Politycy KO boją się Mazurka? Zaskakujące doniesienia

Politycy KO boją się Mazurka? Zaskakujące doniesienia

Dodano: 
Robert Mazurek
Robert Mazurek Źródło:X
W ciągu ostatnich trzech miesięcy tylko jeden polityko Koalicji Obywatelskiej zdecydował się na udział w programie Roberta Mazurka. "Wierzymy, że politycy PO zaczną przyjmować nasze zaproszenia" – komentuje sytuację RMF FM.

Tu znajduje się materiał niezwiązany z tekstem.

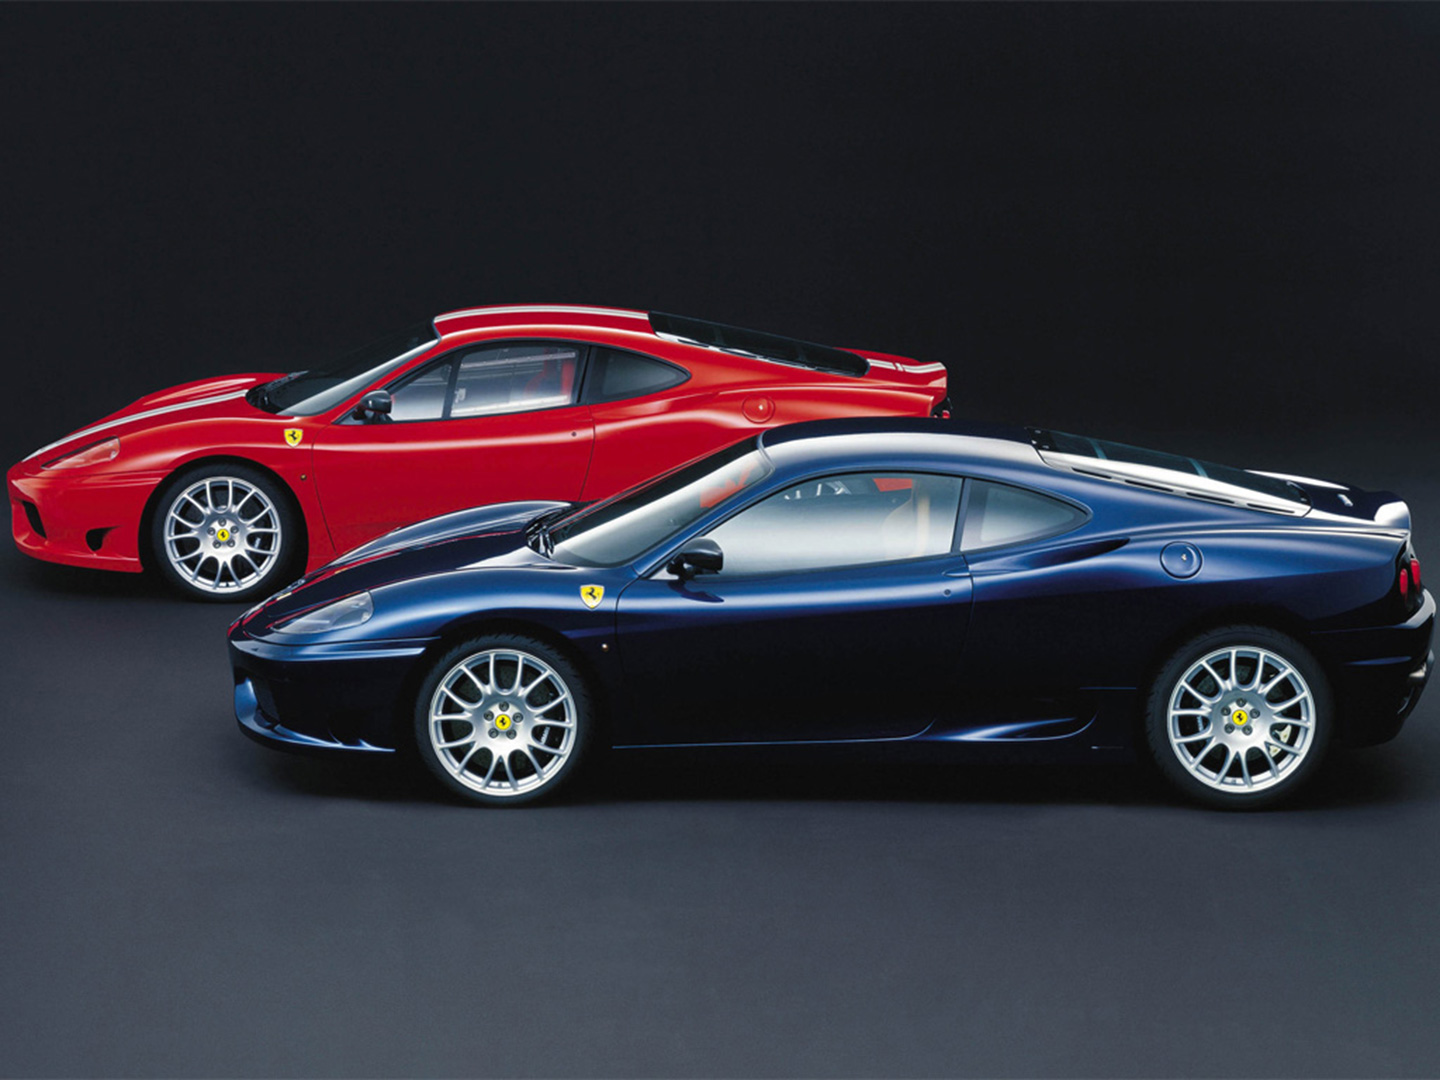 Ferrari Challenge Stradale (2003) - Ferrari.com

Robert Mazurek to jeden z najpopularniejszych polskich dziennikarzy. Przede wszystkim znany jest z ostrych wywiadów, jakie przeprowadza w RMF FM. Dziennikarz w porannych rozmowach nie ma litości dla polityków każdej z opcji.

Jak się jednak okazuje od kilku miesięcy posłowie Koalicji Obywatelskiej unikają uczestnictwa w porannych programach RMF FM.

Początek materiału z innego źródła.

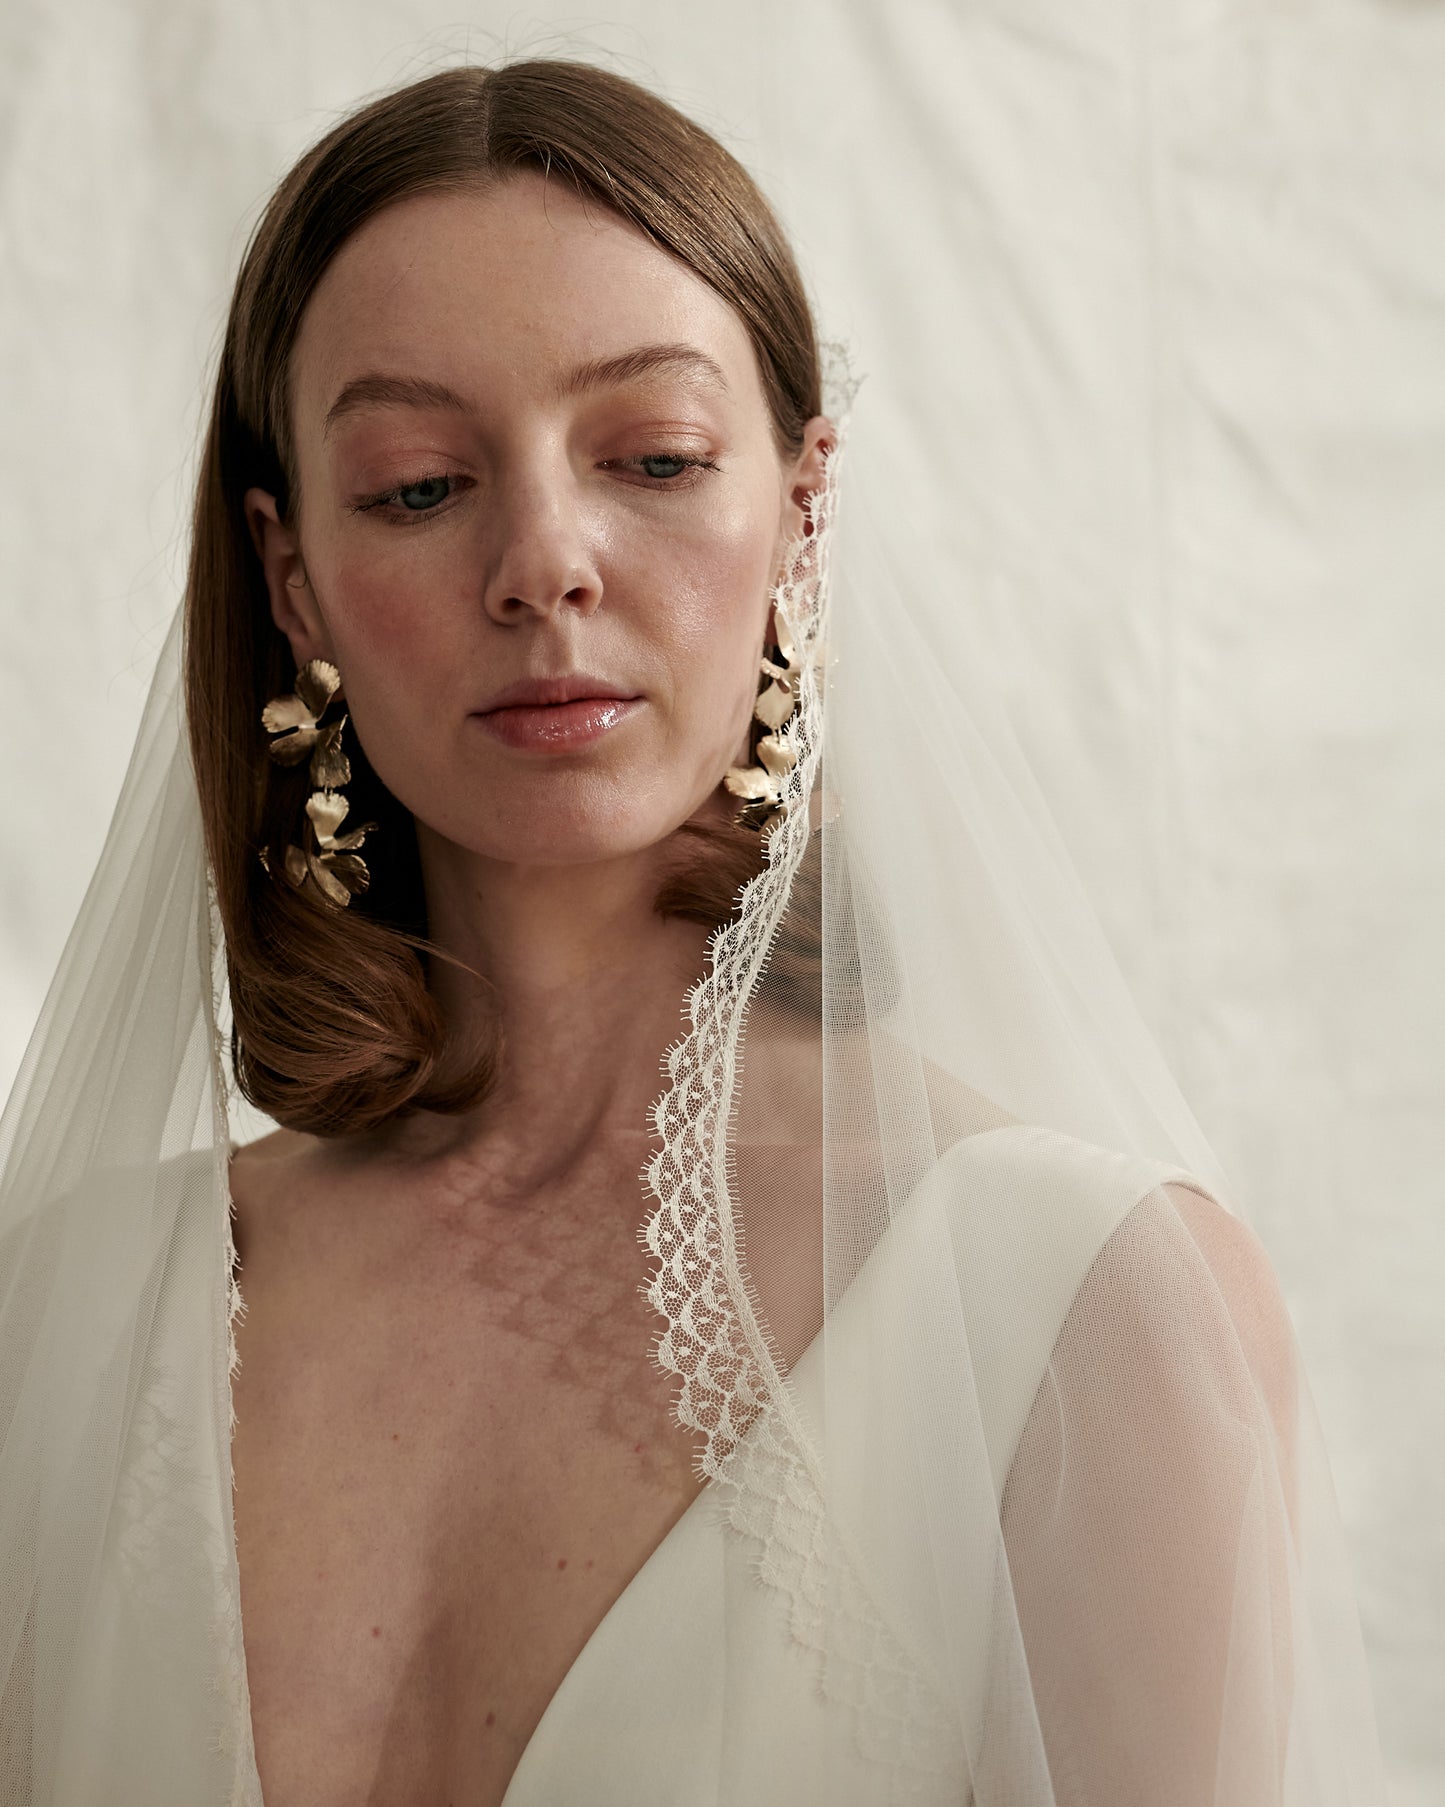 Long veil with lace trim

Dziennikarz Onetu Kamil Dziubka zauważył we wpisie na portalu X, że od 29 września ub. r. w programie Roberta Mazurka gościł tylko jeden polityk PO – poseł Marcin Józefaciuk (wystąpił 22 listopada).

twitter

RMF FM: Wierzymy, że zaczną przyjmować nasze zaproszenia

Branżowy portal Wirtualne Media w tej sprawie zwrócił się do RMF FM z prośbą o komentarz. Popularna radiostacja przyznaje, że politycy PO, mimo ponawianych zaproszeń, odmawiają uczestnictwa w programie Mazurka.

– Drzwi "Porannej Rozmowy w RMF FM" są szeroko otwarte dla wszystkich polityków Platformy Obywatelskiej. Wierzymy, że wreszcie zaczną oni przyjmować nasze zaproszenia. Tak samo serdecznie zapraszamy wszystkich innych polityków: z PiS-u, Trzeciej Drogi czy też Lewicy, którzy odmawiają wizyty w naszym studiu – mówił Krzysztof Głowiński, rzecznik prasowy Grupy RMF.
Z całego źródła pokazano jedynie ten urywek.